Joke’s on them – dinners out got pretty expensive after that. 

Fast forward 32 years and I’m sitting at a little café on a street corner in Paris, France, with my best friend. “Hey, you want to share the escargot?” “Hell yeah.” And we dug into the rich, buttery goodness – then paid the bill ourselves, thank you very much.

This isn’t nutrition advice, by any means – I am not a nutritionist. Sub in any fancy food you like. But here’s the deal: give your daughter the fancy stuff. Take her to that dinner with friends. Talk business over the dinner table. Discuss the wine selection in front of her. Teach her the etiquette of a multi-piece table setting. Let her watch you grapple over a fashion decision and “what to wear” for that event. Feed her the fancy food.

Why? So that in 15 years, when someone’s dusty son tries to impress her with his Sutter Home wine order at Applebee’s, she isn’t bowled over – swooning, running to the altar, squealing that he’s “the one” who is going to give her all the ‘things’ in life.

My parents did not sit me down and lecture me – “make your own money,” “provide for yourself,” “don’t let a man mistreat you.” I mean, they probably did, but I don’t remember that. I remember sitting in a restaurant eating escargot and my parents laughing hysterically. Kids what you do more than hear what you say.  Kids model your behavior (isn’t it cute when your 3-year-old lets out a swear word and you side eye their other parent “wonder where they got that from?”).

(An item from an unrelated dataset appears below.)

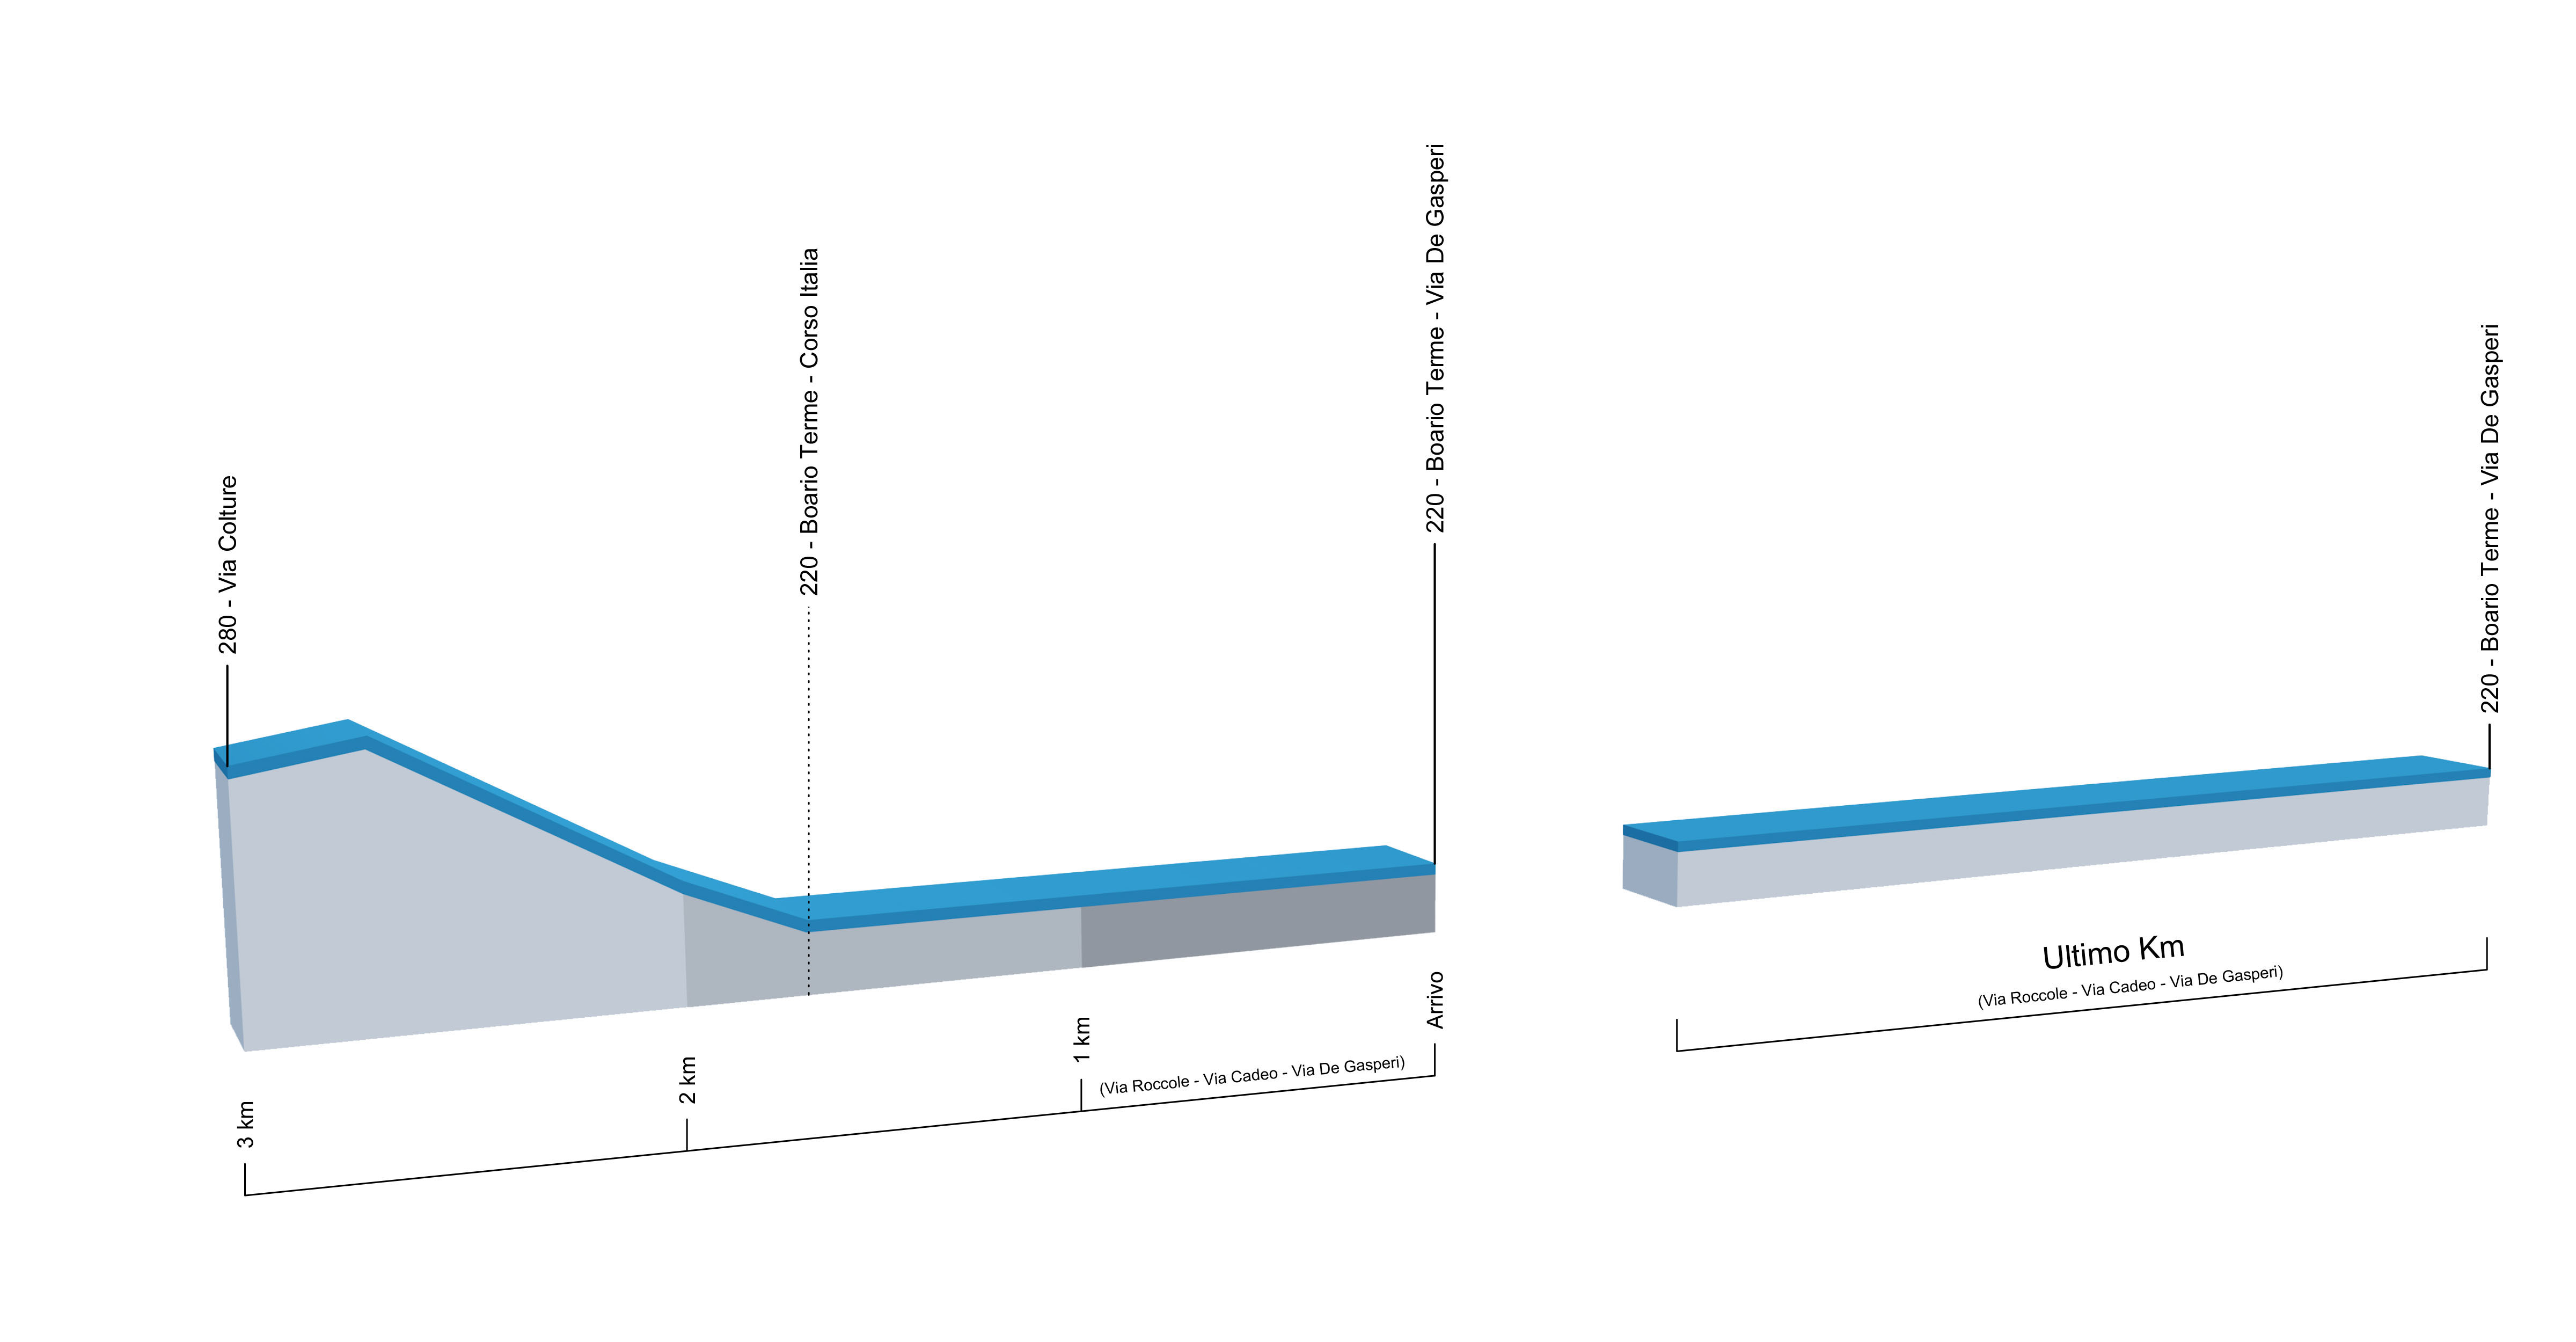 Campionati italiani ciclismo 2016 3d ultimi km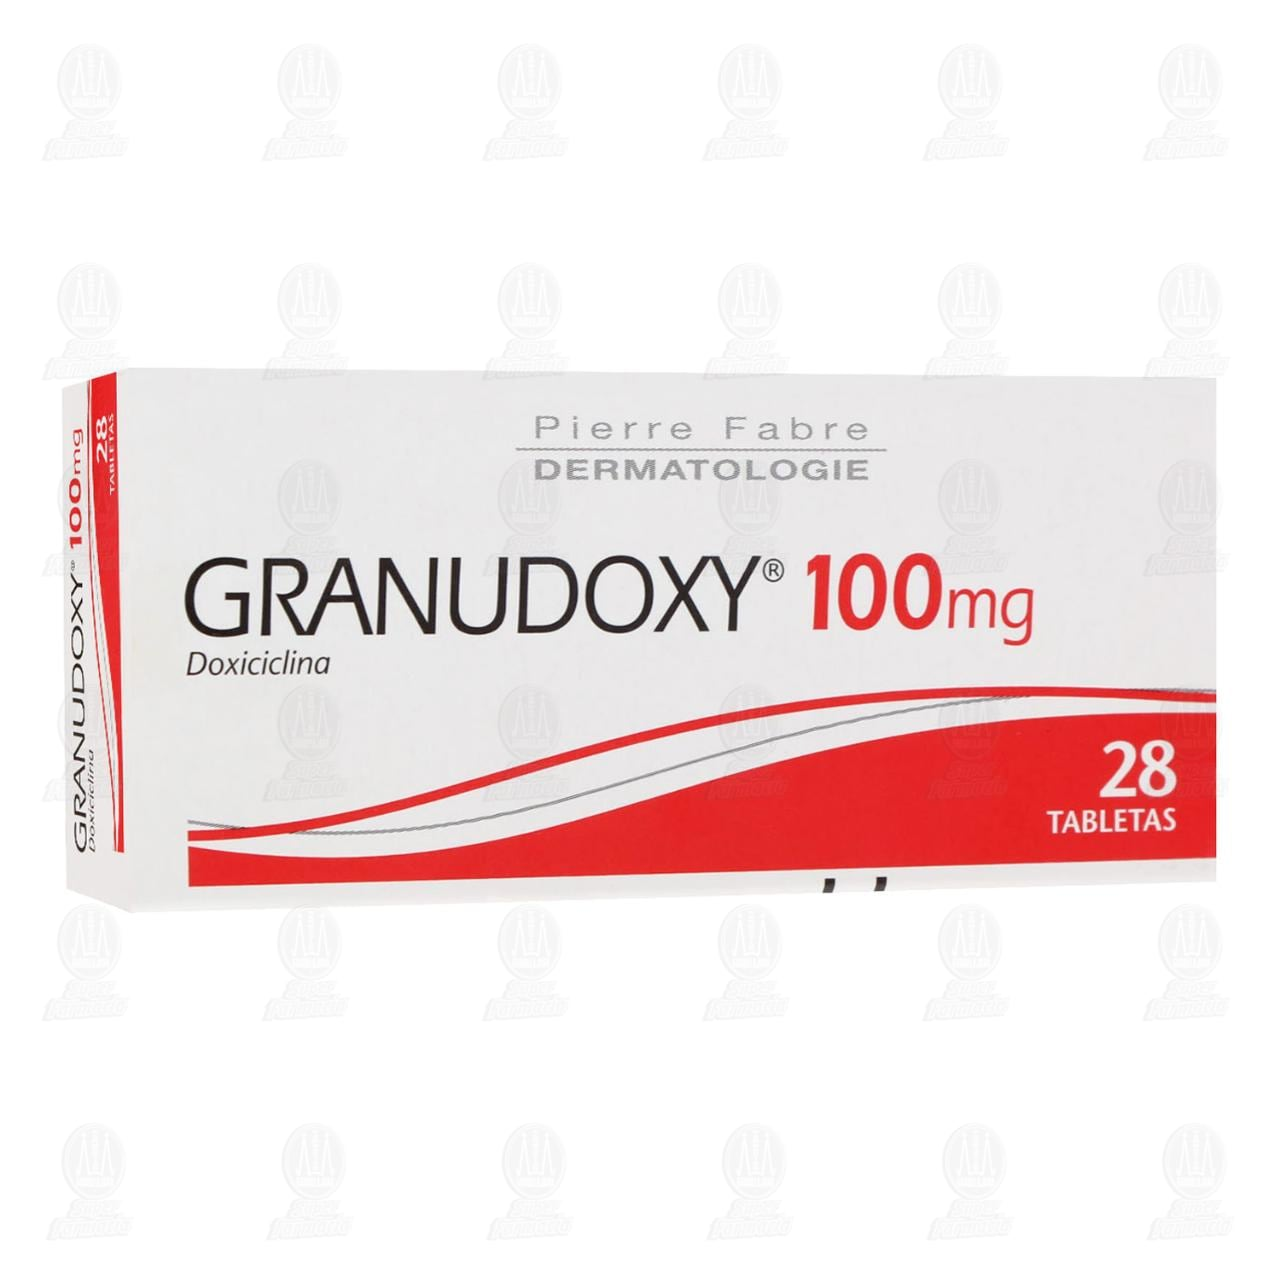 Comprar Granudoxy 100mg 28 Tabletas en Farmacias Guadalajara

If you provide a life for your daughter that you want for her – she (or he; let’s not be gender-biased here, but I am a woman, I was and am a daughter, and this is my perspective and lived experience) will grow to hold those standards for herself. She will not be swayed by a man who mistreats her because he pays the tab, or one who promises her the sun, moon, and stars and never actually delivers, or who makes $600k a year (but is deeply in debt from gambling) and tells her he only dates women with a “Pilates body.” (Chris from Love is Blind I’m looking at you). 

She will know what she can and should have, and when to walk. She will honor and respect herself and hold anyone who enters her life – especially a romantic partner – to those same standards that you taught her by living them yourself.

So let her try the escargot…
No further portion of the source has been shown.